In 1896, Col. A.T. Prescott, president of what was then Louisiana Polytechnic Institute, announced the selection of red and blue as the institution's colors. Red was chosen to represent courage, and blue was selected to embody loyalty. In the 1960s, Columbia blue was introduced to Louisiana Tech in various applications. In 1974, Sonja Hogg, along with the head of the university's art department, Raymond Nichols, presented various shades of blue to the athletics council, and Hogg's preference of Columbia blue was adopted as the primary color of the Lady Techsters.
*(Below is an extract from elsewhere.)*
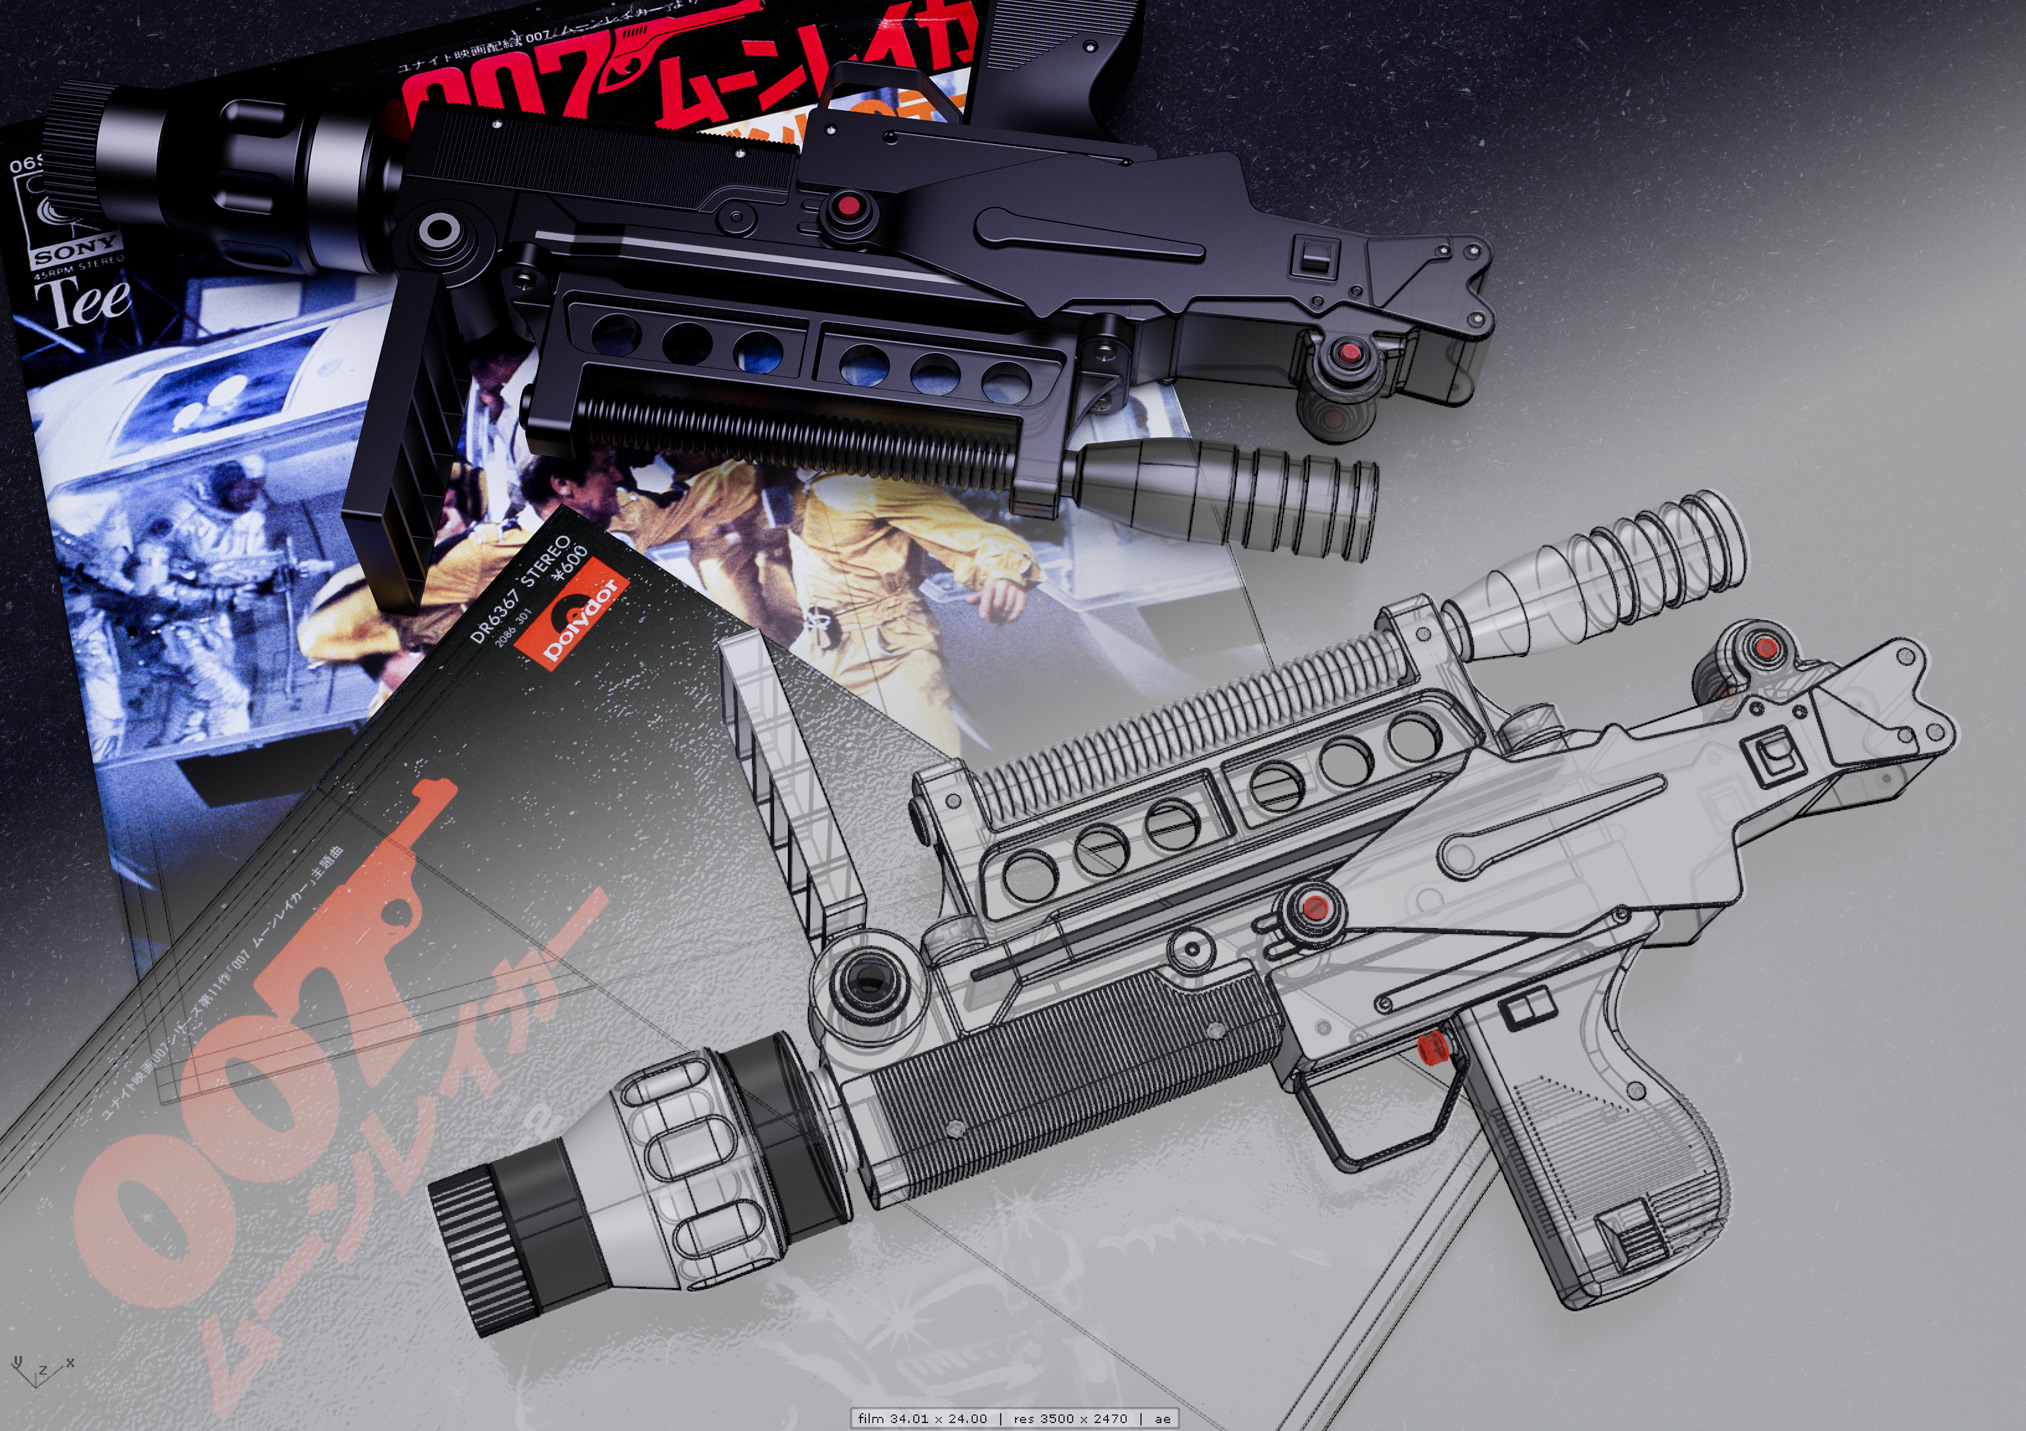 007 Laser gun found in Moonraker.

Prior to 2003, the university's teams, departments, and organizations used various shades of blue ranging from light blue to dark blue. Yet in 2003, Louisiana Tech standardized its shade of blue by adopting reflex blue as the official hue. However, due to La Tech's rich tradition in women's basketball, the Lady Techsters basketball team was granted the only exemption to not adopt reflex blue and was allowed to continue to use the traditional Columbia blue.

===Jersey sleeves===
In 1974, Sonja Hogg designed the first Lady Techster jerseys with sleeves because she did not want her ladies showing their armpits. In addition, sports bras did not exist in 1974, and Hogg did not want spectators to see her ladies' bra straps hanging out of sleeveless jerseys either. As Lady Techster basketball rose to national prominence, the jersey sleeves became recognized as part of the Lady Techster brand. Sleeves were a staple of the Lady Techsters jerseys throughout Leon Barmore's tenure as head coach. After Barmore retired in 2002, new head coach Kurt Budke introduced the first Lady Techsters sleeveless jerseys at the behest of the players.